I own rifles for hunting, protection and sporting purposes.
I own shotguns for hunting, protection and sporting purposes.
I own hand guns for protection and sporting purposes.

And as a big bonus, I own all of them because it really pisses off the anti gun, whack job, liberals.


----------



## Longbow14 (Aug 8, 2011)

Yes to the question

also the smirk of being a Vegan, Atheist, Liberal D-bag.:thumbsup: just kidding I used to be a vegan.


----------



## bigrick (Sep 29, 2010)

I'm not saying you need a reason just curious. I think if I owned a gun it would be for all 4 but primarily would be used for hunting and protection while hunting. I'm all for the good guys having more guns than the bad guys though. I think a basic shotgun would be a good start for me. I can hunt about anything with it I guess. I have too bad of a temper to have a concealed handgun, think it would lead to more harm than good but have no problem with ya'll packin.


----------



## DaBreeze (Feb 25, 2012)

Because I can !!!


----------



## TURTLE (May 22, 2008)

bigrick said:


> I'm not saying you need a reason just curious. I think if I owned a gun it would be for all 4 but primarily would be used for hunting and protection while hunting. I'm all for the good guys having more guns than the bad guys though. I think a basic shotgun would be a good start for me. I can hunt about anything with it I guess. I have too bad of a temper to have a concealed handgun, think it would lead to more harm than good but have no problem with ya'll packin.

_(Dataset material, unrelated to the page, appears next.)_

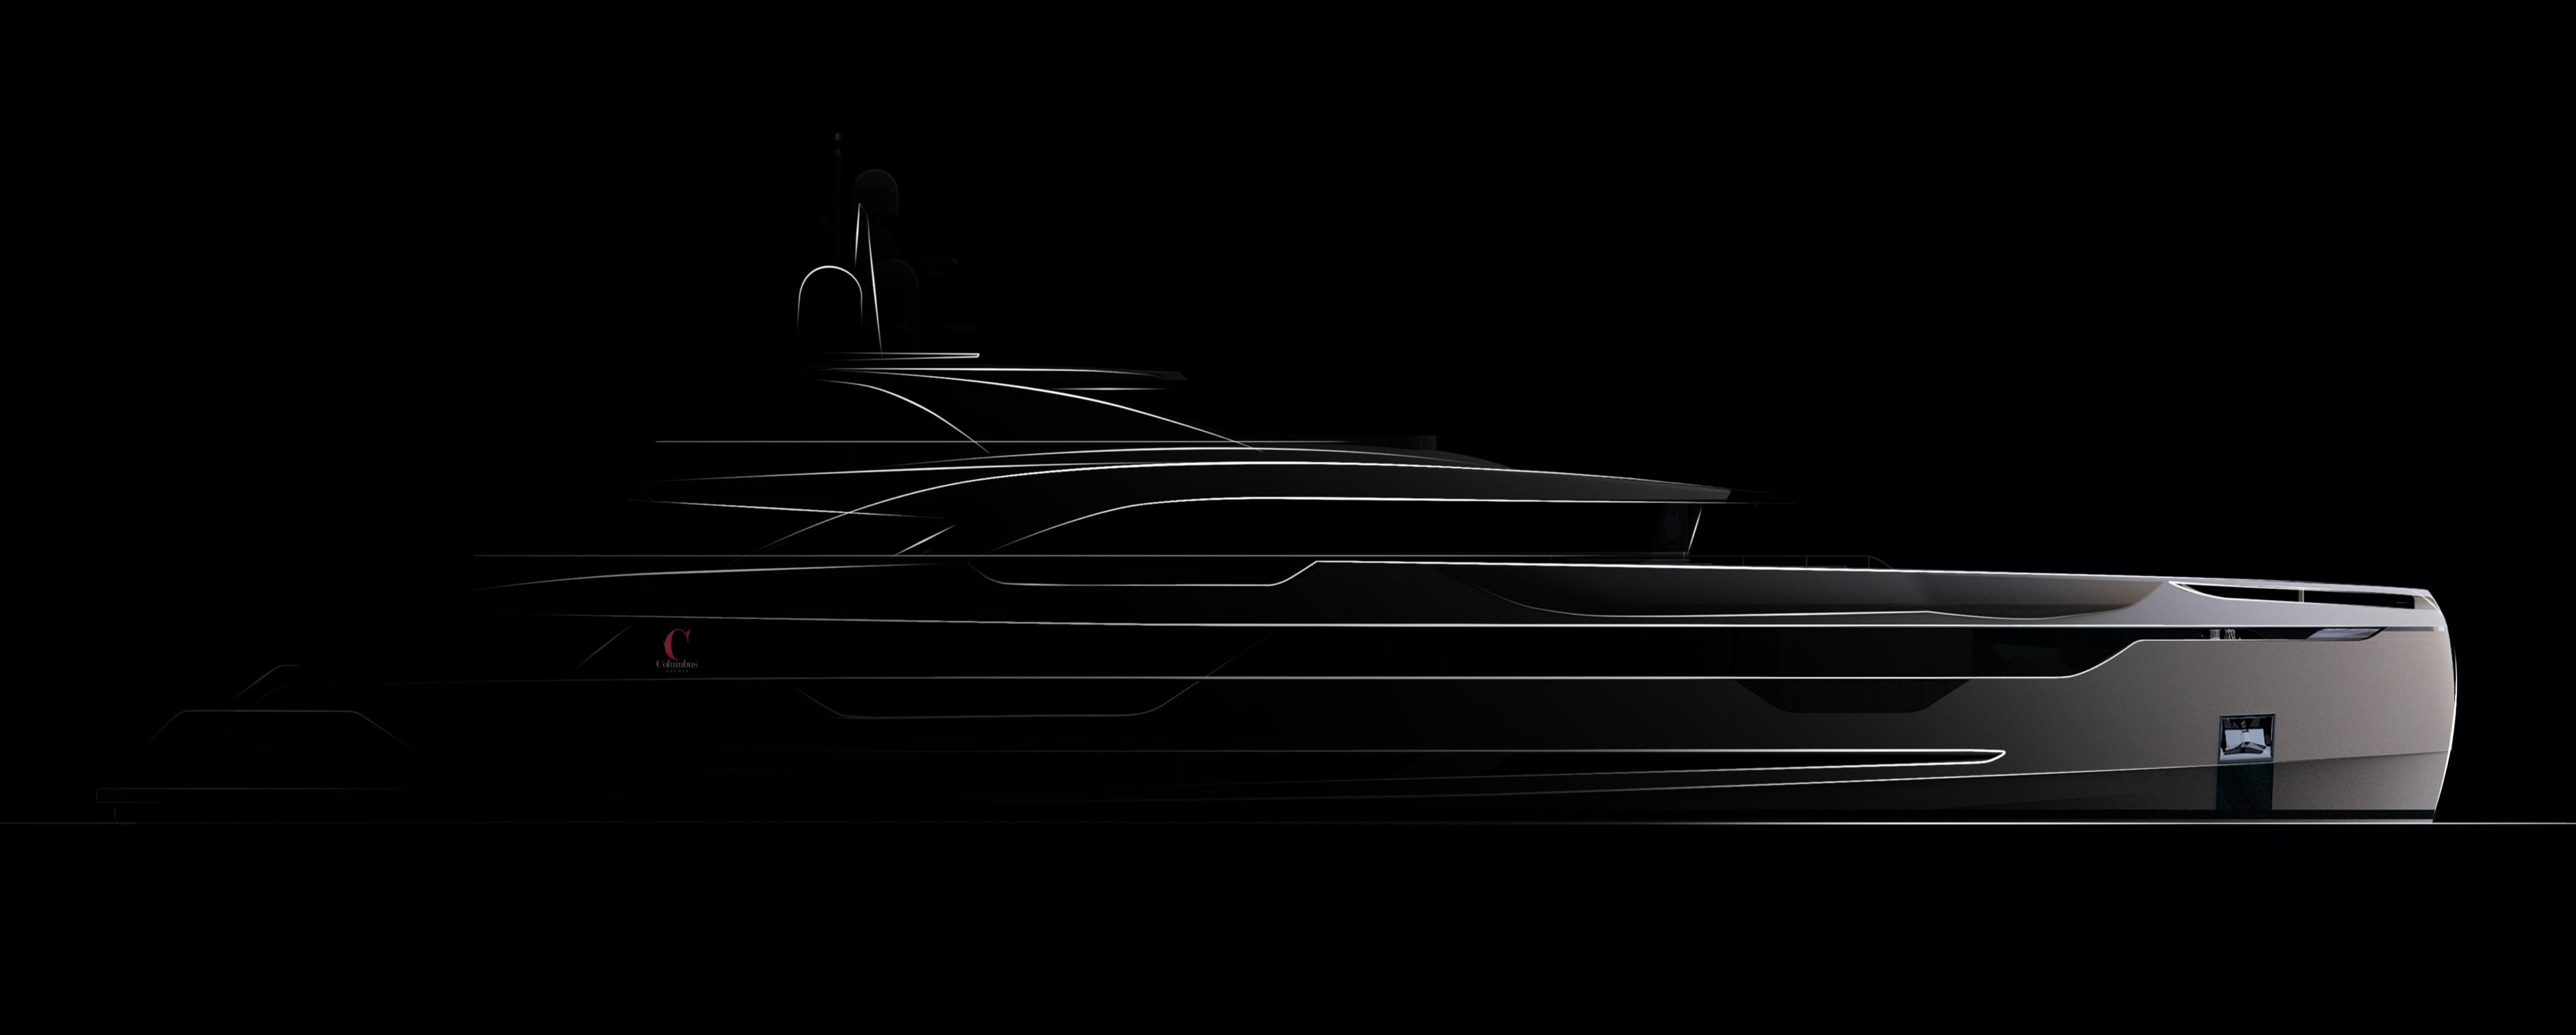 Columbus Yachts, venduto nuovo superyacht Custom 50 metri 'Lady'

*You got me thinking now. Are there any other members on here that don't own a gun? I guess I just assumed if you were over 18 and on this forum you had at least one gun, but I guess that was wrong.*


----------



## Realtor (Oct 1, 2007)

beacuse everyone else has one and I'm not sure I "trust" them all the time.....


----------



## bigrick (Sep 29, 2010)

I grew up on the water, not in the woods so I never really needed 1. Most of the hunting I've done has been on private property with a friends gun. Back then keeping things legal wasn't much of a worry, but now that I can get in trouble I'm going to get the proper permits, licenses , ect.


----------



## Mike aka FishWerks (Oct 22, 2007)

All of our guns were lost in an unfortunate series of events.  I do however believe that gun ownership is an important right that should be exercised by all qualified/responsible Americans.:thumbsup:


----------



## TheCarver (May 5, 2011)

I to was going to hit all choices but the voting pole doesnt allow you to vote showing you had more than one purpose in mind,, I will take it this thread will be used in the election ,,,,,Ya only get one choice,,,, LOL ... olecarver


----------



## -WiRtH- (Feb 24, 2009)

I picked hunting, but only because I enjoy it more. I carry one or two on my person all the time and have a couple spread out in my house for protection. I have a couple that I guess you would say I collect because I will only rarely ever shoot them I just really like them so I'm keeping them. As far as sporting purposes, I don't go to ranges or anything but I will go out plinking with a 22 or whatever I happen to have a couple extra boxes of ammo of and just shoot whatever crosses my path in the wods like magnolia flowers, pinecones, bee hives, bones, and well whatever else I feel like shooting that day. I don't do that too often but by a kid a red Ryder BB gun when he's little and you hook him for life


----------



## Jason (Oct 2, 2007)

No option fer all around GUN NUT!!!!:thumbup:


----------



## RockB (Oct 11, 2007)

Because owning a cop is too expensive.


----------